Saúde do trabalhador: uma gota de sangue em cada produto

O ritmo intenso de crescimento da economia é inegavelmente um benefício para os trabalhadores, mas também escancara outra mazela histórica da produção capitalista que, no Brasil, põe uma gota de sangue em cada produto que chega ao mercado: os altos índices de insegurança e insalubridade no trabalho.

A reportagem recém-publicada neste portal (“Exploração e doença do trabalho fazem a fortuna do agronegócio”, de Leonardo Severo) é um exemplo candente deste drama que envolve milhares de trabalhadores colhidos por jornadas de trabalho exaustivas, ritmos intensos, exposição a ambientes insalubres e estressantes e a condições de grande periculosidade – tudo isso para intensificar os lucros do capital e engordar as contas bancárias dos empresários.

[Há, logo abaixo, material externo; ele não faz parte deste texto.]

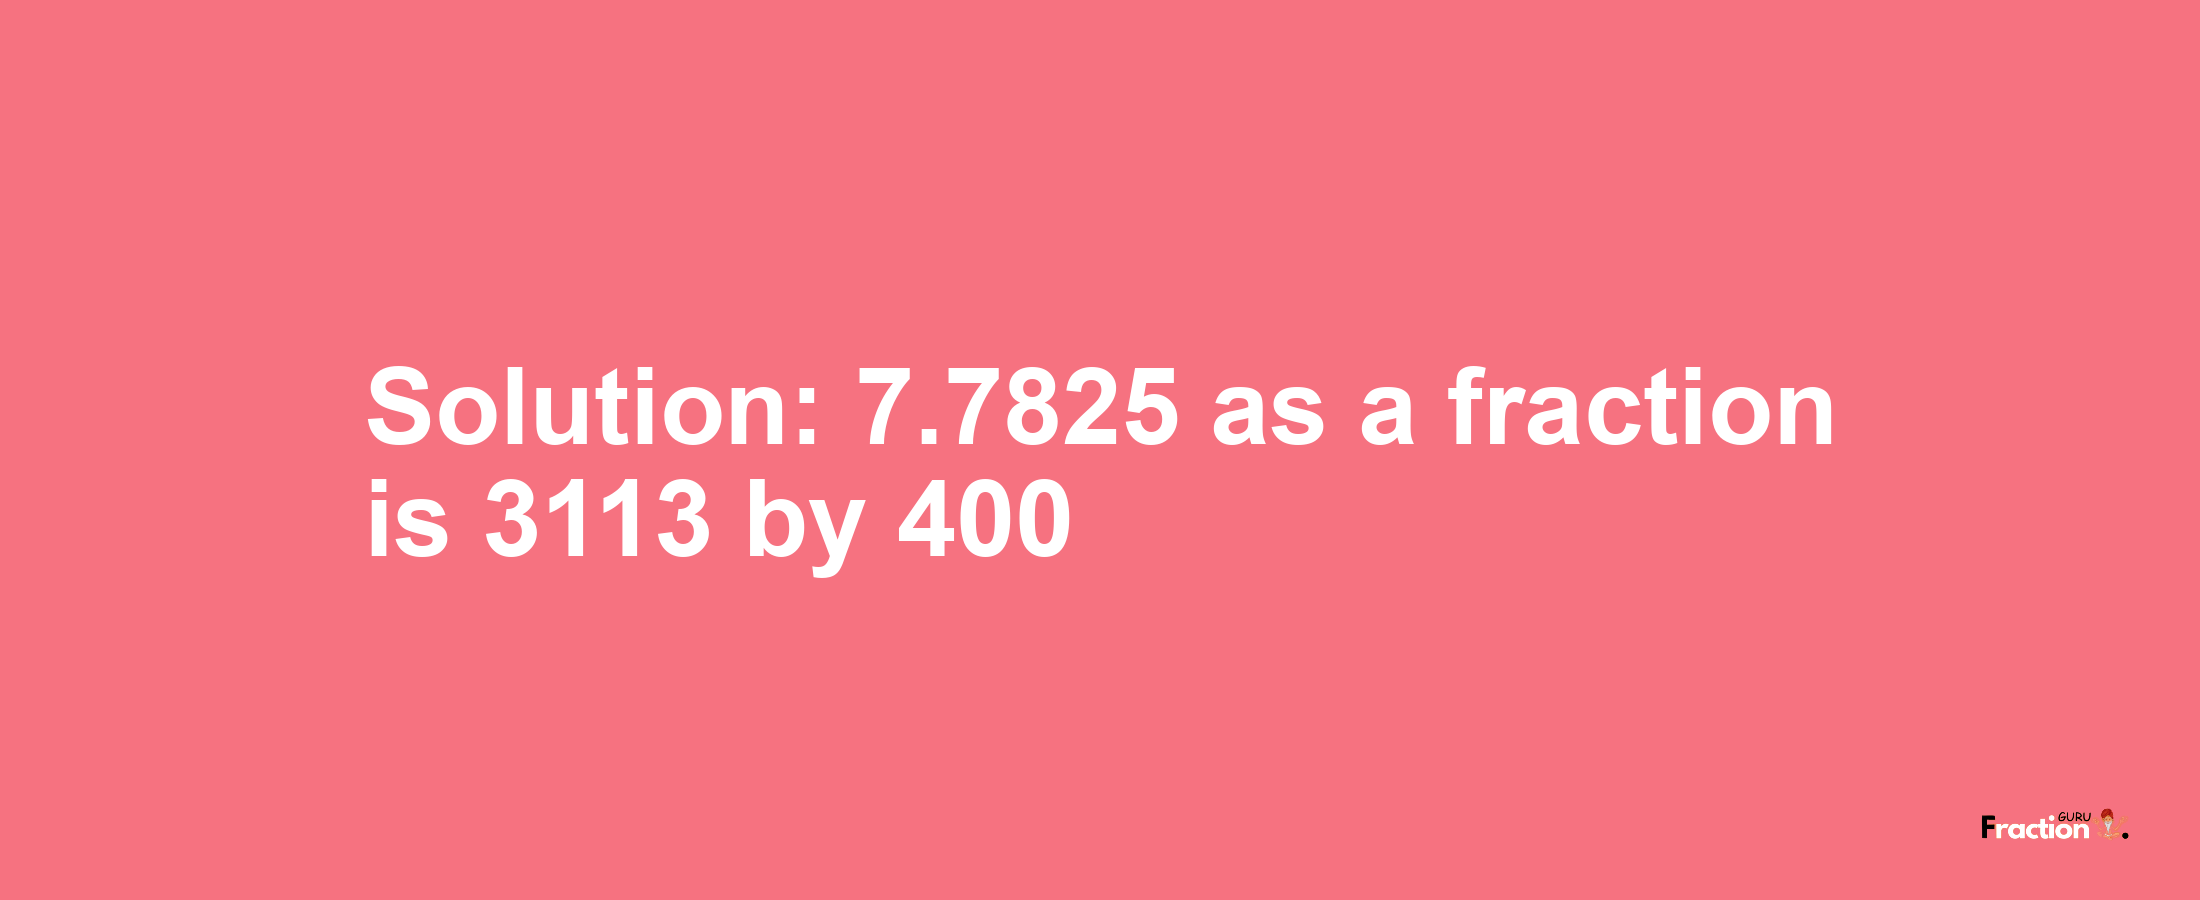 Solution:7.7825 as a fraction is 3113/400

O foco do relato feito por Leonardo Severo não é nenhuma empresa pequena ou anacrônica. Ele conta a história das doenças adquiridas por uma trabalhadora de uma moderna empresa multinacional, que usa tecnologia de ponta e emprega formas “modernas” de gerenciamento do trabalho; “modernas” pela intensidade exigida dos trabalhadores, pelas maneiras de conquistar sua adesão ao espírito da empresa e também pelas táticas usadas para ocultar as irregularidades durante as fiscalizações e subtrair os trabalhadores à assistência médica e previdenciária a que têm direito.

Trata-se nada menos da Seara que, em 2009, foi comprada pelo grupo Mafrig, uma das modernas multinacionais brasileiras fortalecidas nos últimos anos, inclusive com recursos do BNDES. Ela é, entre outras coisas, como informa sua página eletrônica, a quarta maior produtora mundial de carnes, e o segundo maior frigorífico brasileiro, com um faturamento estimado em R$ 28 bilhões. É uma empresa globalizada, presente em 22 países, inclusive nos EUA e na Europa.

Empresa moderna, métodos de exploração arcaicos – esta pode ser a receita de sucesso, como a de muitas outras empresas que crescem à custa da saúde de seus trabalhadores. A denúncia contra a Seara é apenas um caso de malefícios contra os trabalhadores que não param de crescer.

Dados do Ministério do Trabalho e do Emprego traçam um quadro tenebroso quando se trata de segurança e saúde no trabalho. Um exemplo: entre janeiro e abril de 2011 foram feitas 42.420 fiscalizações em todo o país que resultaram em 19.234 autuações. Isto é, em quase metade das empresas (45%), a fiscalização iniciou um processo.

Quando se examina aqueles números por setor, o retrato da exploração capitalista fica mais nítido. Por exemplo, na agricultura, das 2.601 empresas fiscalizadas, 2.165 foram autuadas (83%); na indústria, a química foi a campeã (com 71% de autuações), seguida pela construção civil (69%) e de alimentos, como a Seara (67%); a indústria metalúrgica não fica muito atrás (62%). Na área de serviços, a insalubridade é tão acentuada como a de setores “tradicionais”; um exemplo são as instituições financeiras, onde houve 62% de autuações pela fiscalização, que constatou más condições de trabalho, ou nas próprias instituições de saúde (hospitais, clínicas, laboratórios, etc.), onde mais da metade (55%) foi autuada pelas mesmas abjetas razões.

O Ministério informa também que as doenças mais frequentes (80%) decorrem de ritmo intenso, de trabalho repetitivo e das pressões exercidas contra os funcionários. Elas colocam em destaque as Lesões por Esforço Repetitivo (LER), os Distúrbios Osteomusculares Relacionados ao Trabalho (DORT), que é o caso da trabalhadora da Seara cuja história foi relatada pela reportagem, além de estresse, ansiedade e sedentarismo.

O lado trágico dessa exploração desmedida é ilustrado com cores fortes pelas estatísticas da Previdência Social, segundo as quais em 2009 ocorreram 723,5 mil acidentes de trabalho no Brasil, resultando em 2,5 mil mortes (sete por dia).

O Brasil precisa crescer e o caminho para isso é a mobilização das forças nacionais voltadas à produção. E o crescimento econômico precisa ser partilhado com os trabalhadores, que são aqueles que transformam matérias primas em produtos úteis para todos.

Mas a valorização do trabalho precisa ir além da necessária criação de novas vagas e da valorização do salário. Faz parte dela também a criação, nos locais de trabalho, de condições dignas, saudáveis e seguras para que os trabalhadores possam desempenhar suas funções e se beneficiarem, com saúde, dos produtos de seu trabalho.